Many years ago, in an essay, “Discrimination and the American Creed,” the American sociologist Robert K. Merton pointed out that it is a fact that many prejudiced people do act in a discriminatory manner and that some, far fewer, nonprejudiced people never discriminate. At the same time, there are many who might be prejudiced but refrain from acting on their beliefs and feelings and desires and many who are inclined to discriminate but are somehow reluctant to do so. Merton sagely suggested that a key factor in these seemingly curious conundrums is the situation in which individuals find themselves.

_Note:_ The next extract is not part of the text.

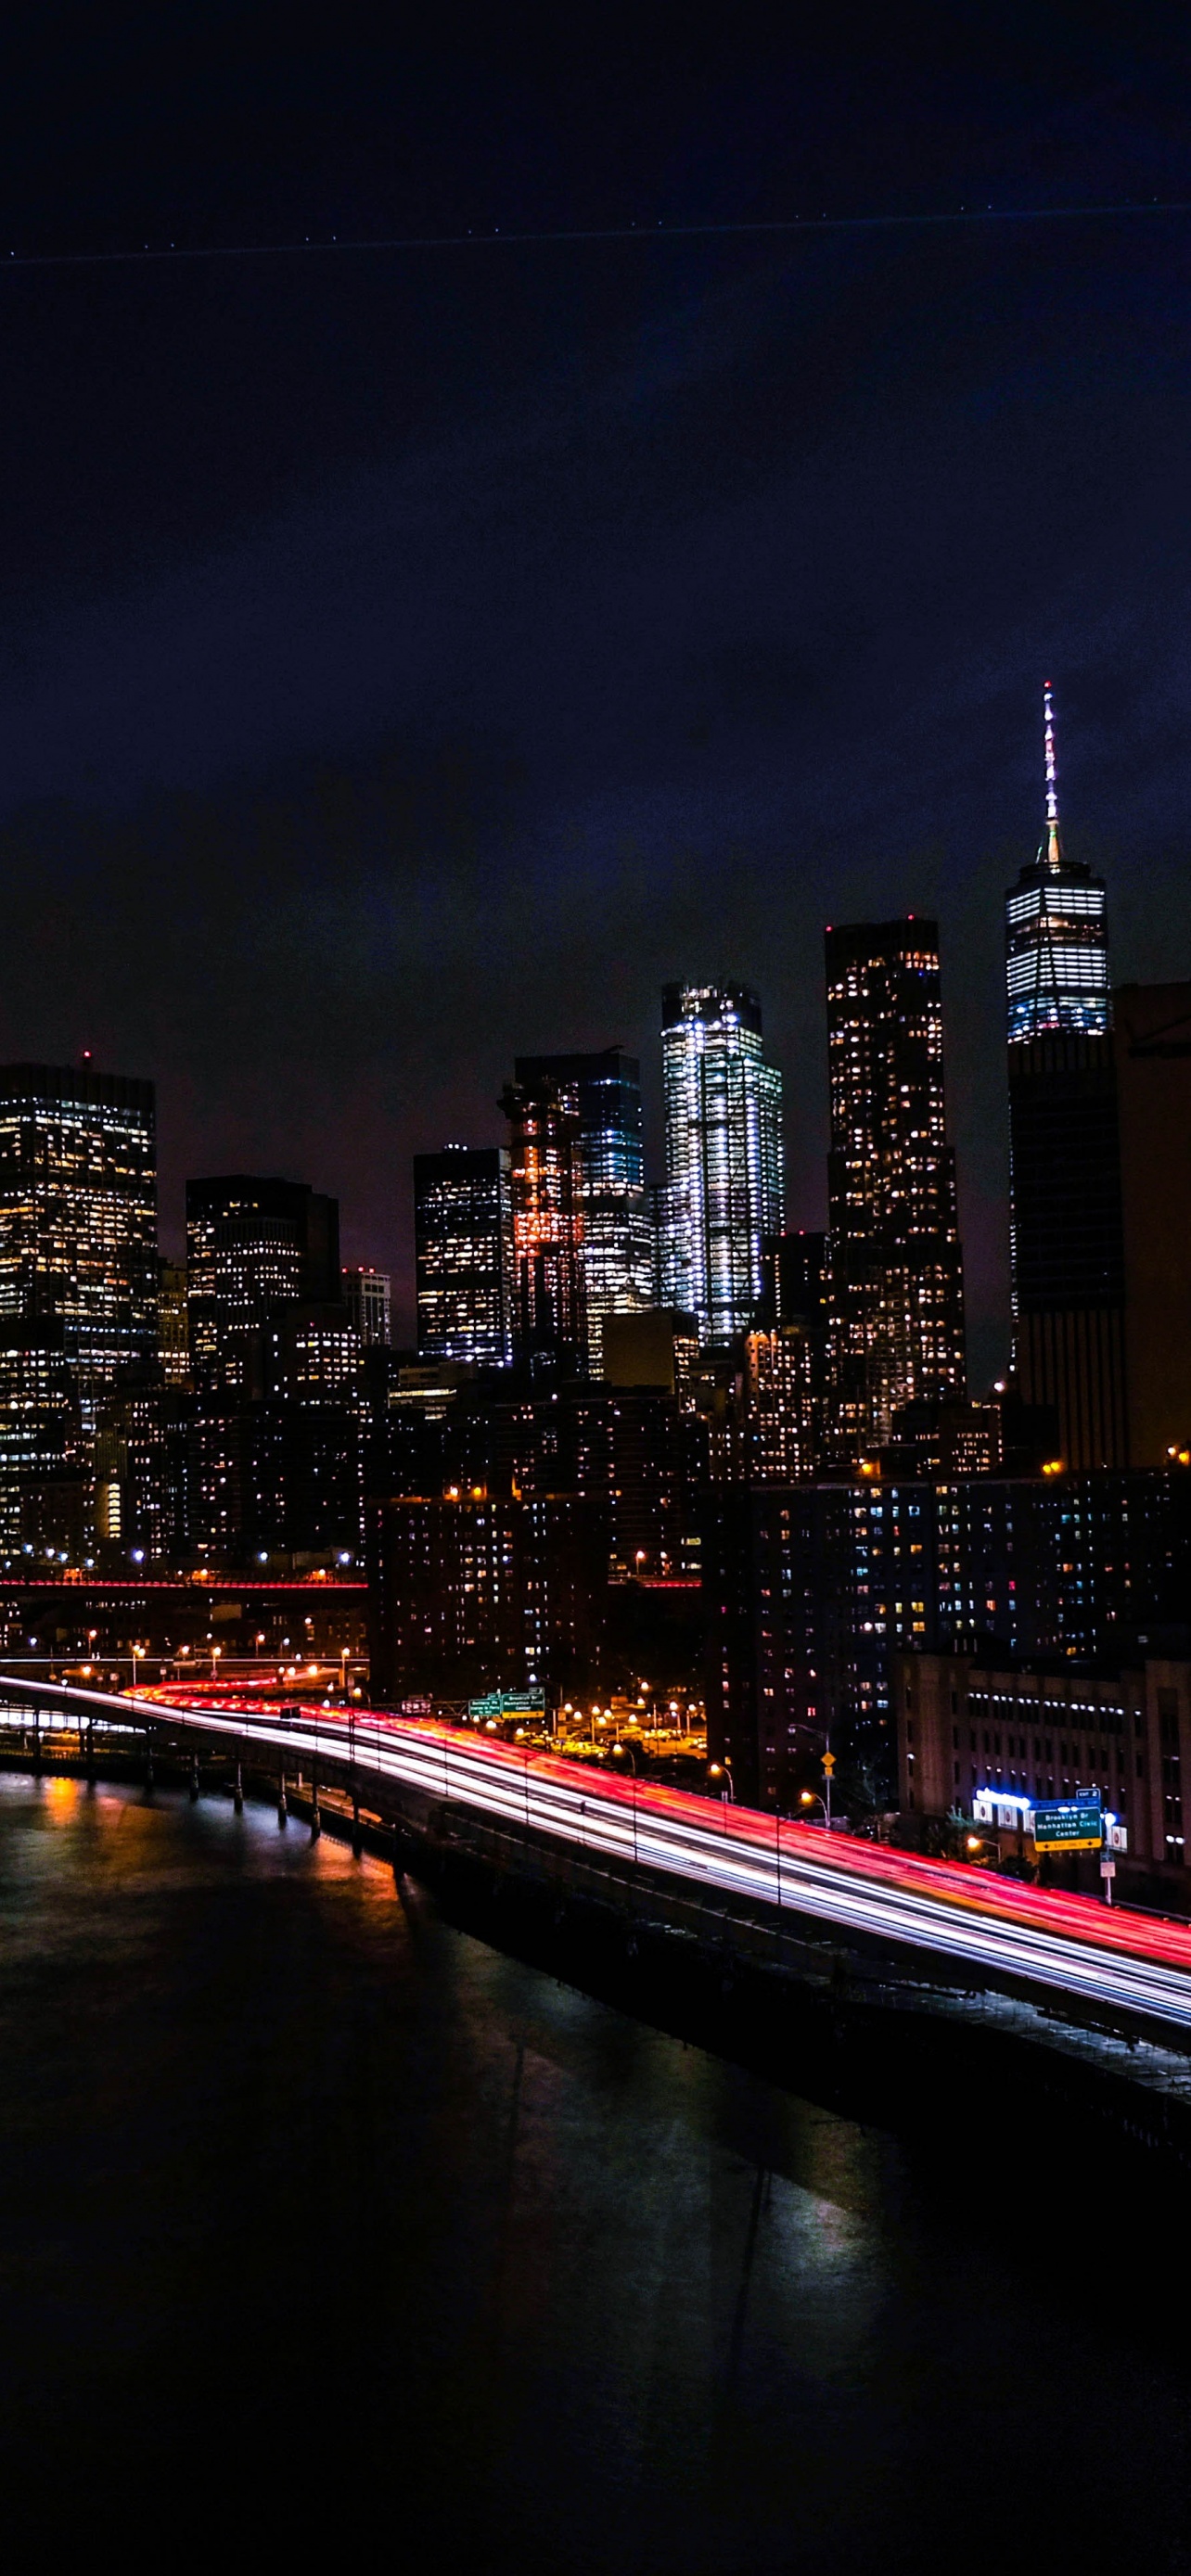 Những đường phố rực rỡ ánh đèn, tòa nhà cao chọc trời, và sông Hudson êm đềm hòa cùng làn gió đêm đã tạo nên bức tranh huyền ảo mà chỉ có New York đêm mới có. Và giờ đây, với hình nền New York đêm 4K, bạn có thể đón nhận cảm giác thật sự như đang đứng ngay trên phố của \

While those in the first two categories—who might be called “active bigots” and “open-minded liberals,” respectively—are readily identifiable, they are in the minority. According to Merton, far more people fall into the other cells of the typology. The prejudiced nondiscriminators are those who may harbor all sorts of negative thoughts about others but are restrained by law or custom from acting on their preconceived assumptions. The nonprejudiced discriminators are those who “know better” but follow certain policies and practices because they do not want to rock the boat. They may consciously go along to get along. The last two types, aptly labeled “timid bigots” and “fair-weather liberals,” are both clearly influenced by the circumstances in which they find themselves. The importance of this cannot be overstated: In the first case, restraint prevents prejudiced people from turning thoughts into actions; in the second, altering the social conditions by enacting and enforcing antidiscrimination laws can give license to those who go along to get along despite their own beliefs, to bring behavior into line with sentiments.